Unroll predictions over many time-steps.

Usage:

advanced_state, outputs = model.unroll(state, forcings, steps=N)

where advanced_state is the advanced model state after N steps and outputs is a trajectory of decoded states on pressure-levels with a leading dimension of size N.

Parameters:
  • state – initial model state.

  • forcings – forcing data over the time-period spanned by the desired output trajectory. Should include a leading time-axis, but times can be at any desired granularity (e.g., it should be fine to supply daily forcing data, even if producing hourly outputs). The nearest forcing in time will be used for each internal advance() and decode() call.

  • steps – number of time-steps to take.

  • timedelta – size of each time-step to take, which must be a multiple of the internal model timestep. By default uses the internal model timestep.

  • start_with_input – if True, outputs are at times [0, ..., (steps - 1) * timestep] relative to the initial time; if False, outputs are at times [timestep, ..., steps * timestep].

  • post_process_fn – optional function to apply to each advanced state and current forcings to create outputs like post_process_fn(state, forcings), where forcings does not include a time axis. By default, uses model.decode.

Returns:

A tuple of the advanced state at time steps * timestamp, and outputs with a leading time axis at the time-steps specified by steps, timedelta and start_with_input.

Unit conversion

The internal state of NeuralGCM models uses non-dimensional units and “simulation time,” instead of SI and numpy.datetime64. These utilities allow for converting arrays back and forth, including inside JAX code:

PressureLevelModel.to_nondim_units(value: float | ndarray | Array | DataArray, units: str) float | ndarray | Array | DataArray[source]

Scale a value to the model’s internal non-dimensional units.

PressureLevelModel.from_nondim_units(value: float | ndarray | Array | DataArray, units: str) float | ndarray | Array | DataArray[source]

Scale a value from the model’s internal non-dimensional units.

PressureLevelModel.datetime64_to_sim_time(datetime64: ndarray) ndarray[source]

Converts a datetime64 array to sim_time.

PressureLevelModel.sim_time_to_datetime64(sim_time: ndarray) ndarray[source]

Converts a sim_time array to datetime64.

Xarray conversion

Xarray is convenient for data preparation and evaluation, but is not compatible with JAX. Use these methods to convert between xarray.Dataset objects and inputs/outputs from learned methods:

PressureLevelModel.inputs_from_xarray(dataset: Dataset) dict[str, ndarray][source]

Extract inputs from an xarray.Dataset.

PressureLevelModel.forcings_from_xarray(dataset: Dataset) dict[str, ndarray][source]

Extract forcings from an xarray.Dataset.

PressureLevelModel.data_to_xarray(data: dict[str, float | ndarray | Array], times: ndarray | None, decoded: bool = True) Dataset[source]

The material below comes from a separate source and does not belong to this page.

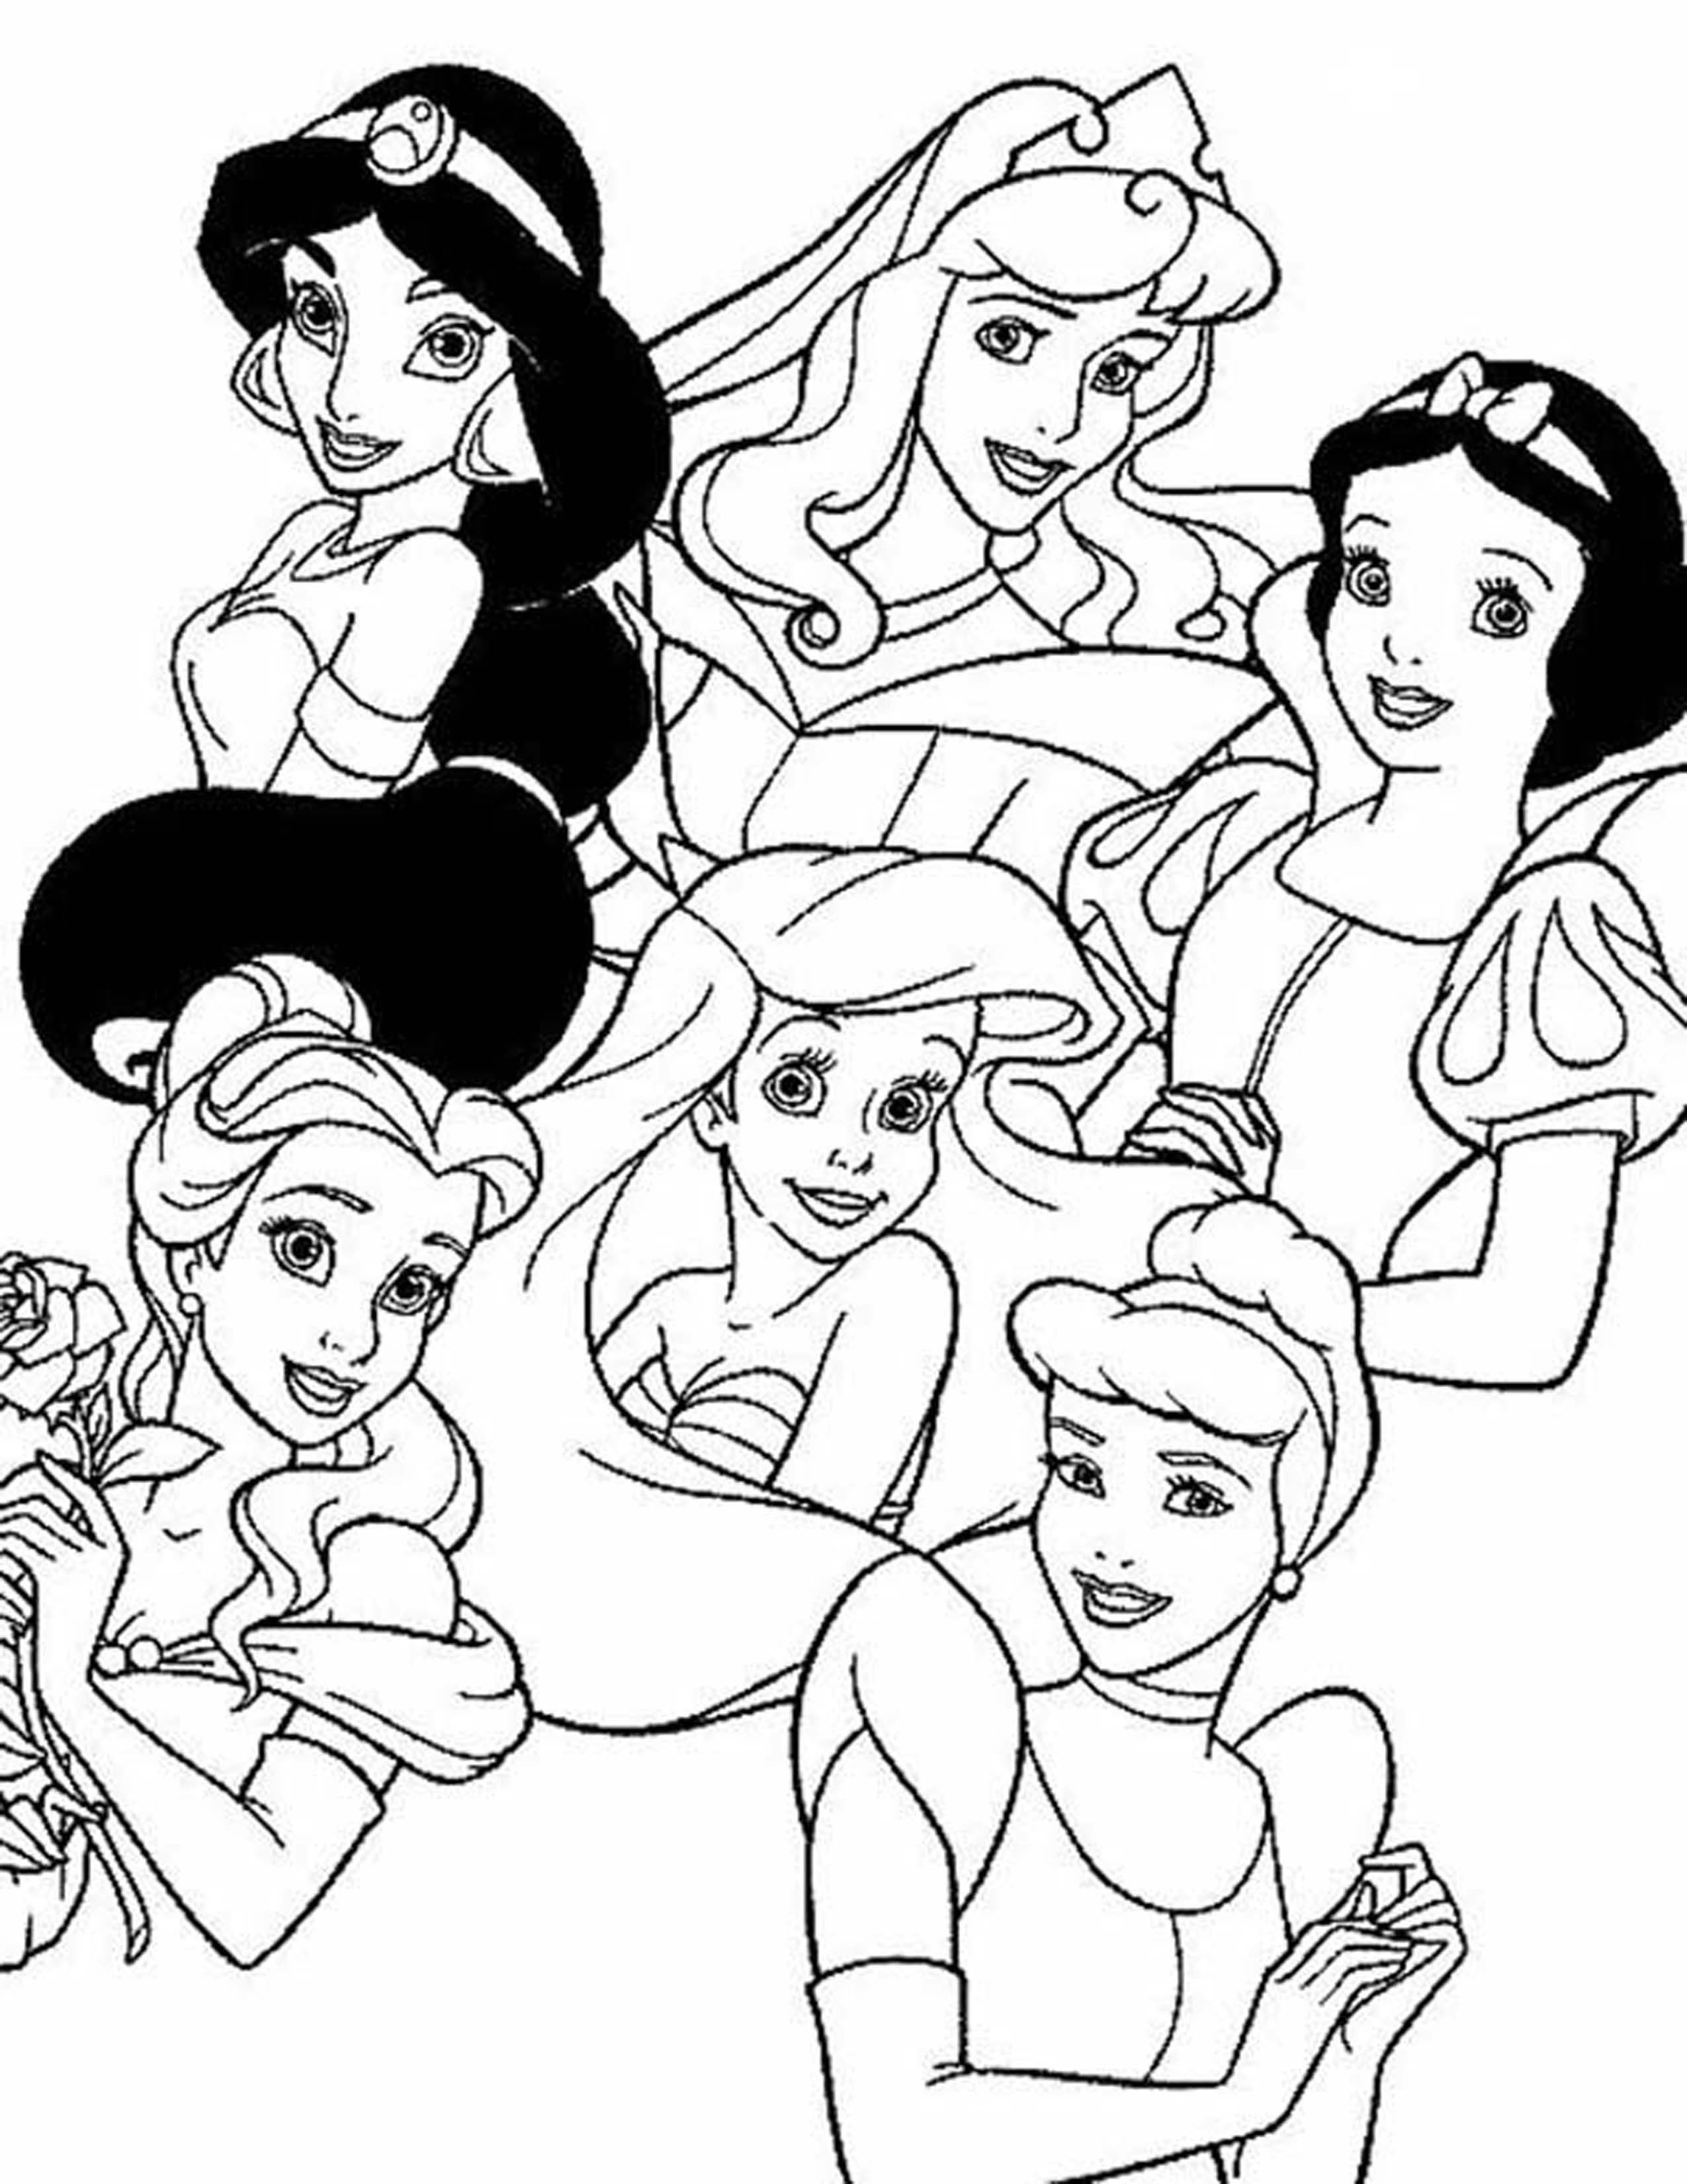 Papers Princess Coloring Pages Resume Format Download Pdf - Widetheme

Converts decoded model predictions to xarray.Dataset format.

Parameters:
  • data – dict of arrays with shapes matching input/outputs or encoded model state for this model, i.e., with shape ([time,] level, longitude, latitude), where [time,] indicates an optional leading time dimension.

  • times – either None indicating no leading time dimension on any variables, or a coordinate array of times with shape (time,).

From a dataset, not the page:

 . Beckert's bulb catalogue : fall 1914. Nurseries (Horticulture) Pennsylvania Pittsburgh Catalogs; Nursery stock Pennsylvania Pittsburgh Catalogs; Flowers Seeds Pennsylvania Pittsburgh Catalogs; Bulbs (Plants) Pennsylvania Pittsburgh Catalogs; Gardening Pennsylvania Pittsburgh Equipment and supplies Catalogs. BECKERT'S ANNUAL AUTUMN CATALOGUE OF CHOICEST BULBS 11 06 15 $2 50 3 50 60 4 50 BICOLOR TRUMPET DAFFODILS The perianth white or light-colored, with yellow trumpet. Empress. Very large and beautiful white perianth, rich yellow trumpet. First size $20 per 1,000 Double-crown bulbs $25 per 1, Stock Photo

  • decoded – if True, use self.data_coords to determine the output coordinates; otherwise use self.model_coords.

Returns:

An xarray.Dataset with appropriate coordinates and dimensions.

Demo dataset & models

These constructors are useful for testing purposes, to avoid the need to load large datasets from cloud storage. Instead, they rely on small test datasets packaged with the neuralgcm code.

For non-testing purposes, see the model checkpoints from the paper in the Forecasting quick start.

neuralgcm.demo.load_data(coords: CoordinateSystem) Dataset[source]

Load demo data for the given coordinate system.

neuralgcm.demo.load_checkpoint_tl63_stochastic()[source]

Load a checkpoint for a toy TL63 stochastic model.